● Problem
Only an exact copy is wanted: the lines from the one holding "Aufkleber nach oben" through the last line below, minus the pictures.

● Supplied information

##############################

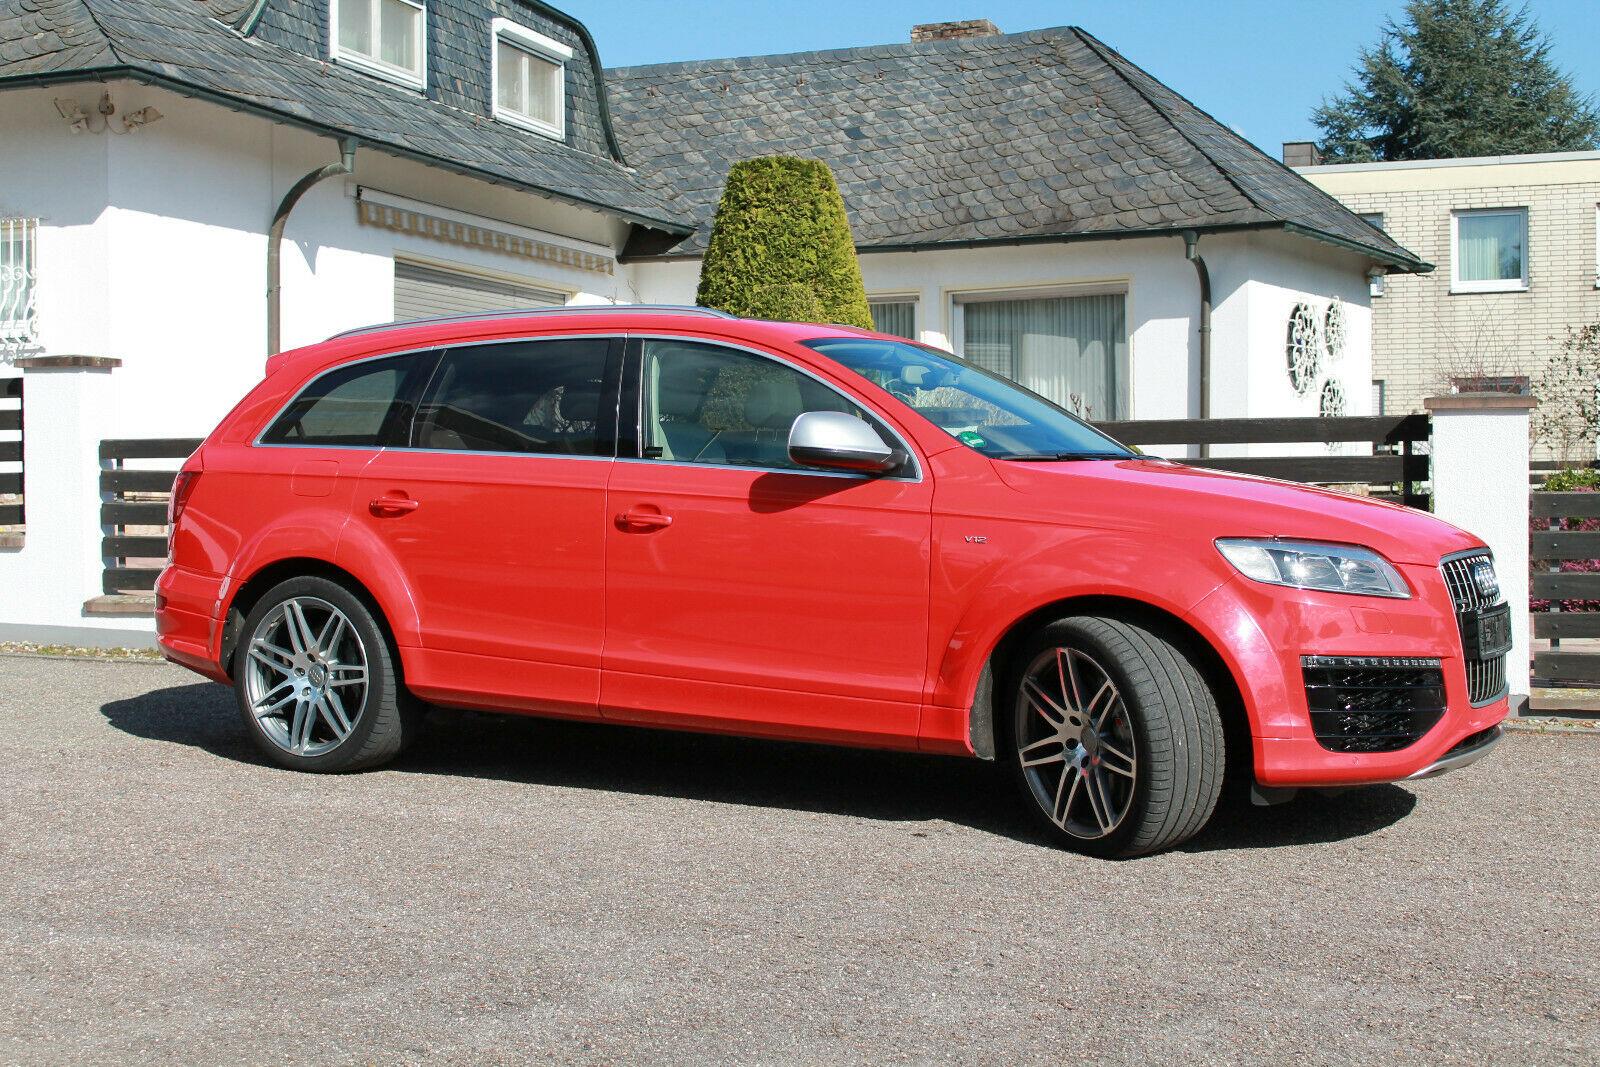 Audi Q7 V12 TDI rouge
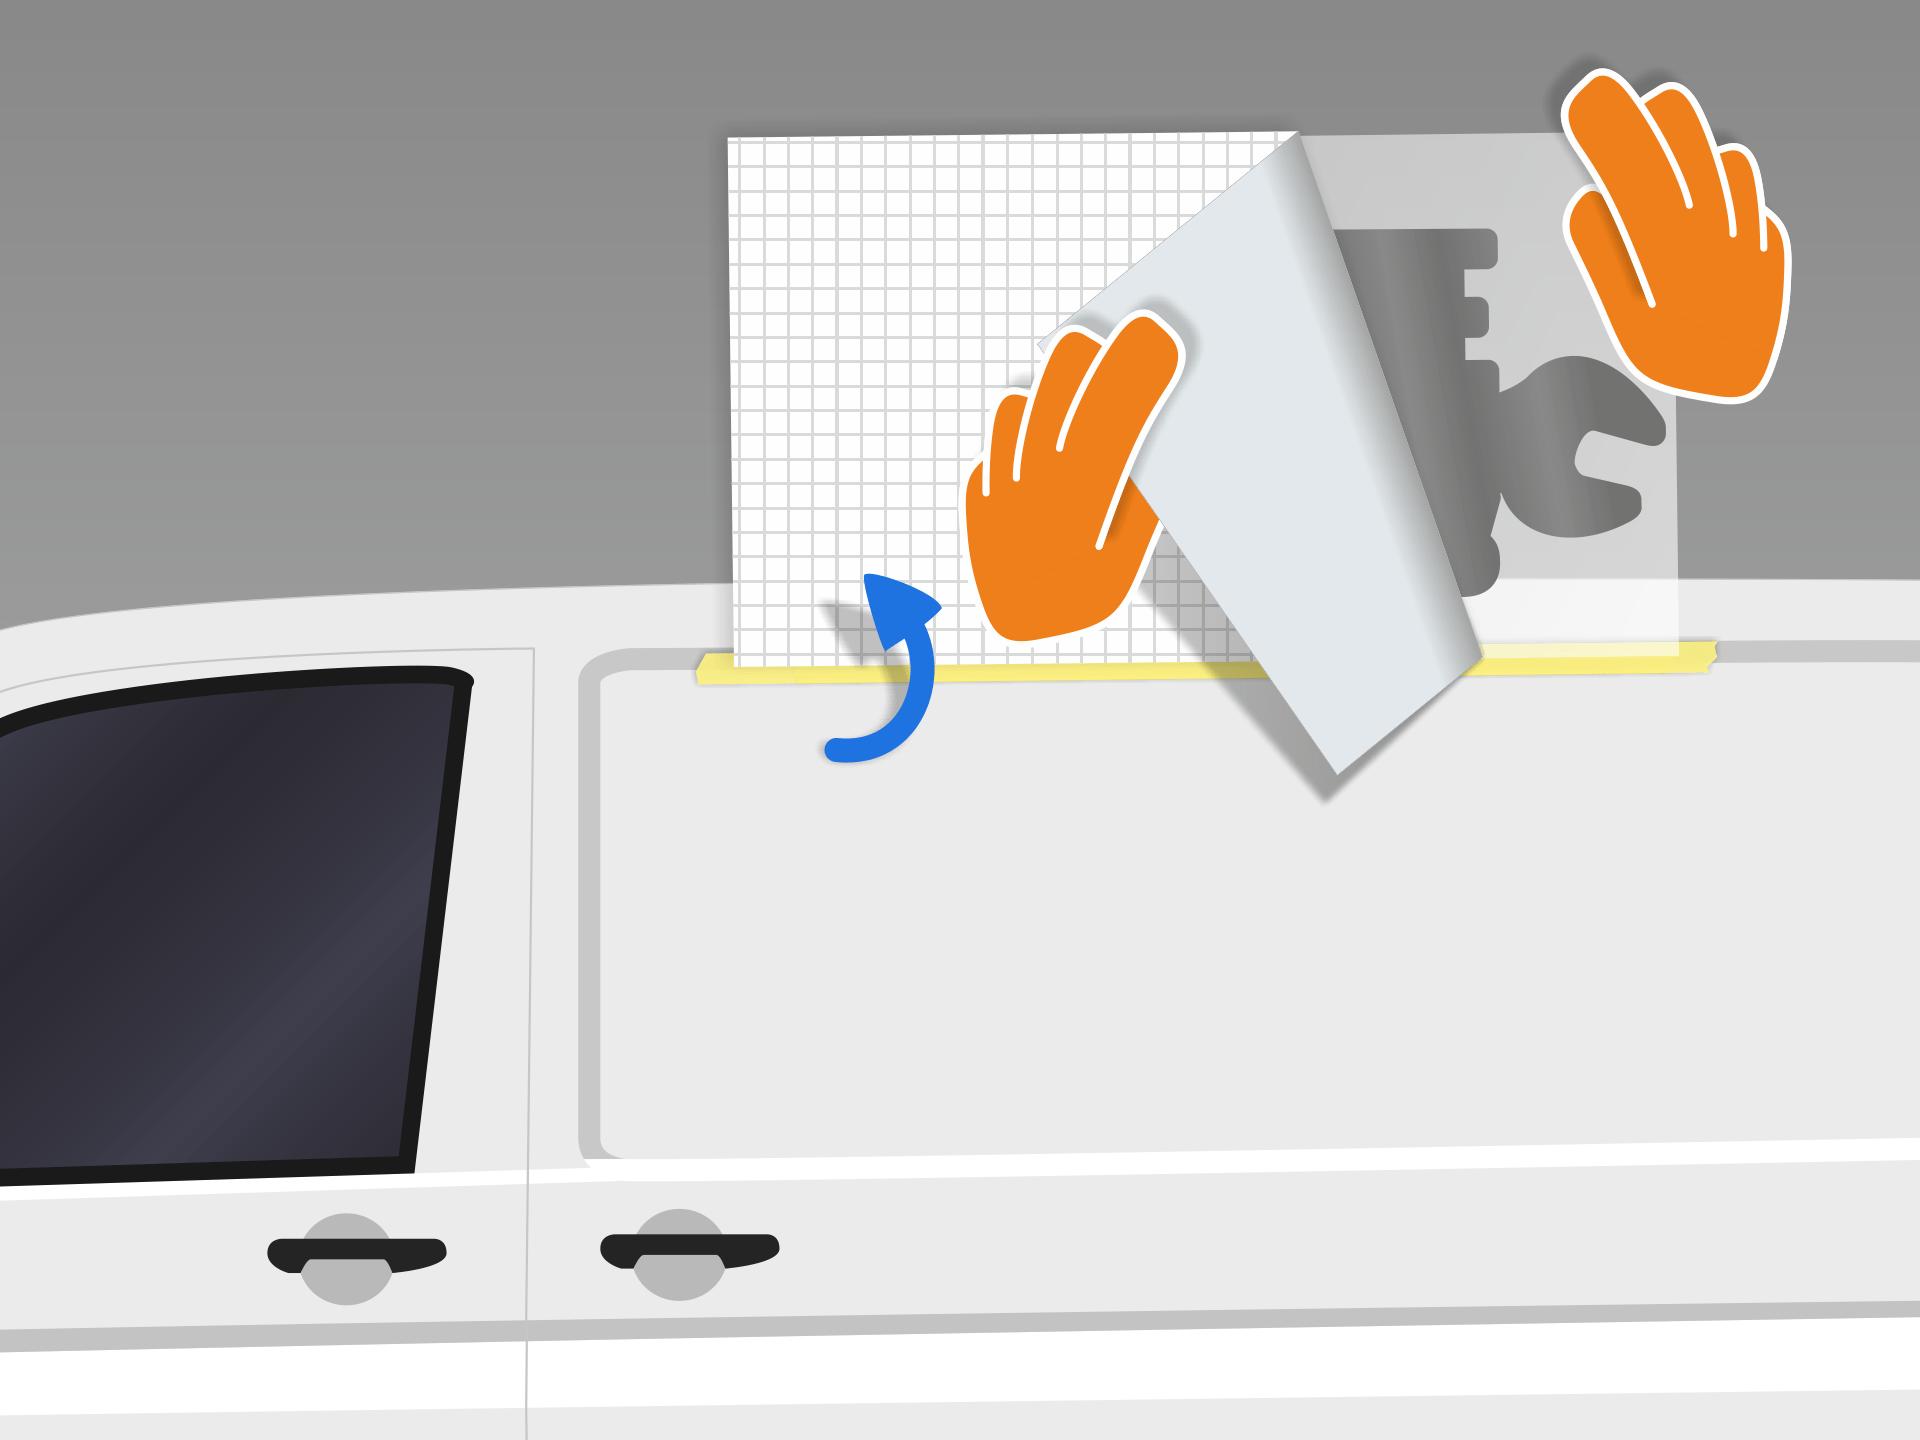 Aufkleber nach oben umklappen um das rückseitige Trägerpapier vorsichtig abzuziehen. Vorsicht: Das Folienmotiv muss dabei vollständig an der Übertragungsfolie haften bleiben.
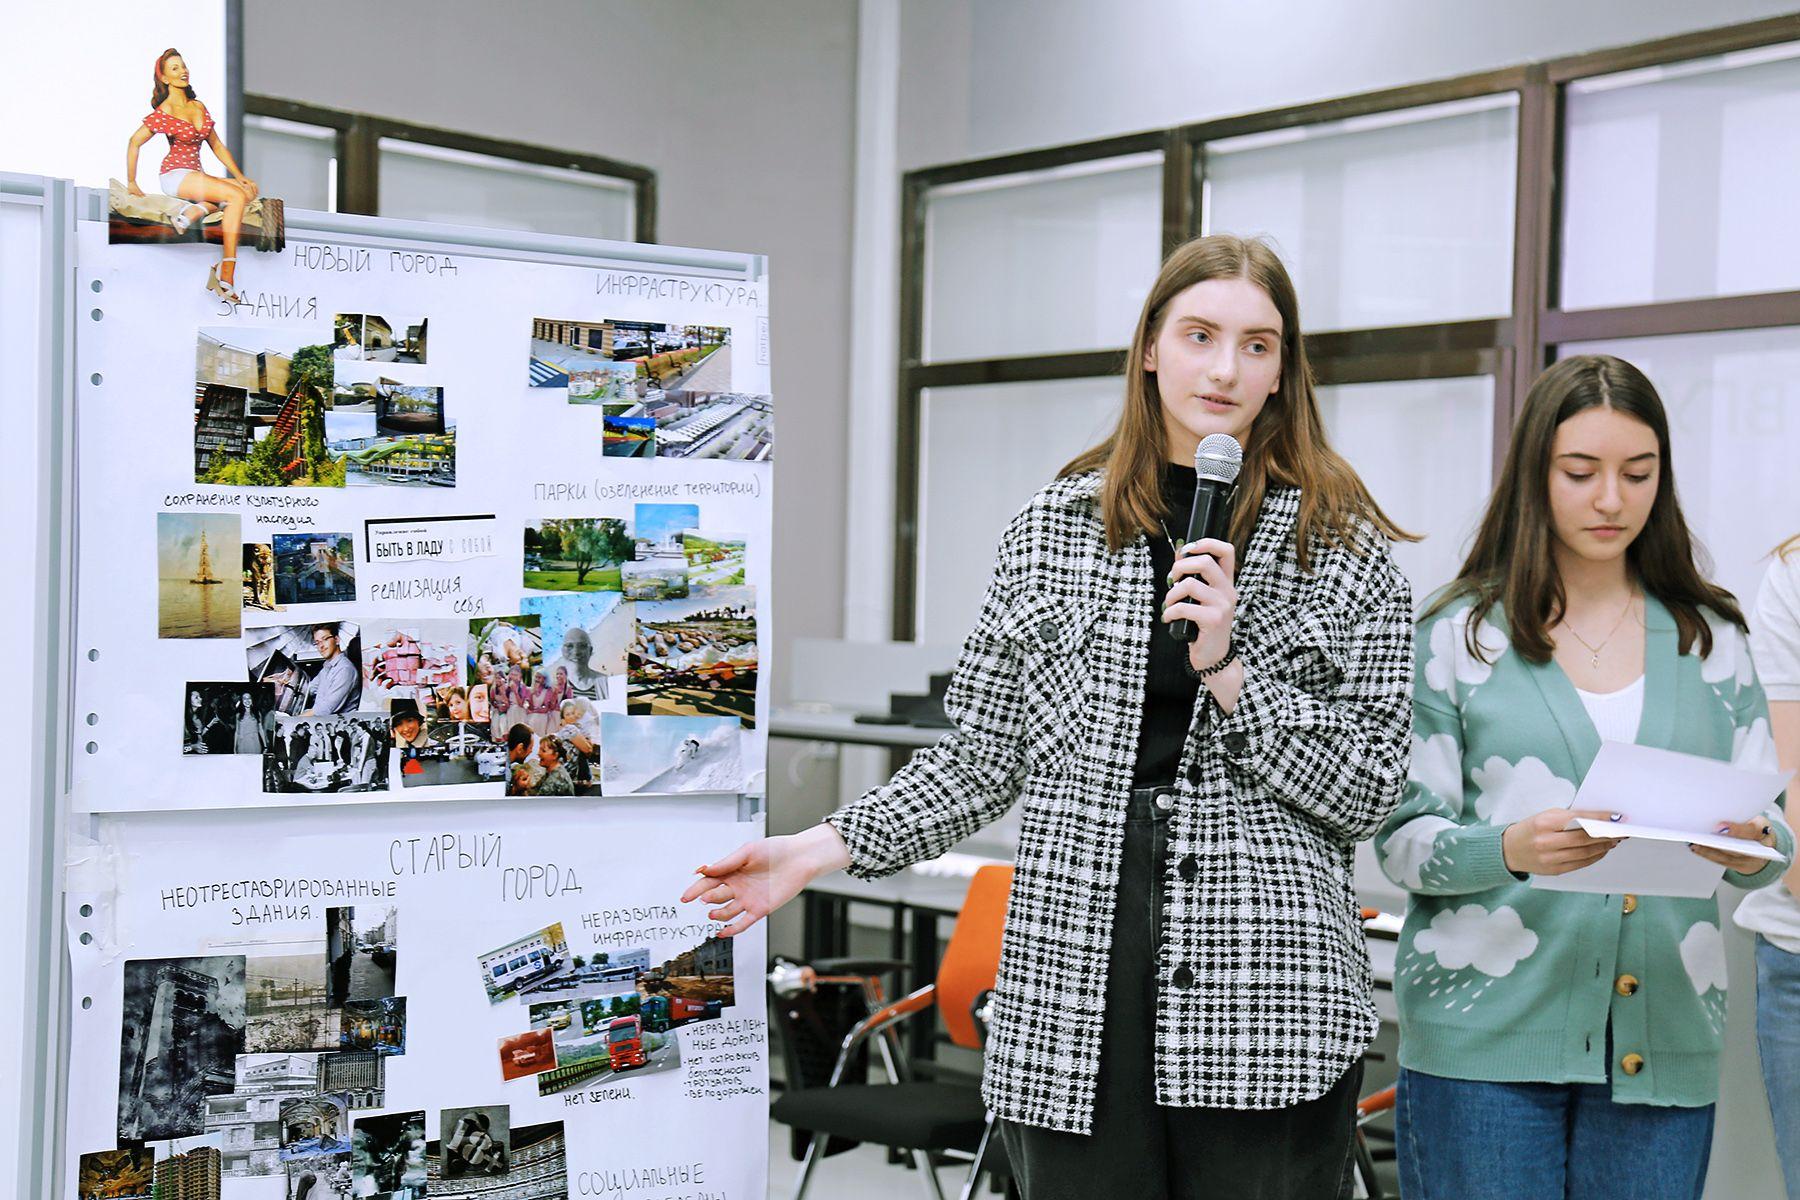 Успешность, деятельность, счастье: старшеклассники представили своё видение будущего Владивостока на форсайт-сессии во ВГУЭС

##############################

● Answer to this problem
 Aufkleber nach oben umklappen um das rückseitige Trägerpapier vorsichtig abzuziehen. Vorsicht: Das Folienmotiv muss dabei vollständig an der Übertragungsfolie haften bleiben.
 Успешность, деятельность, счастье: старшеклассники представили своё видение будущего Владивостока на форсайт-сессии во ВГУЭС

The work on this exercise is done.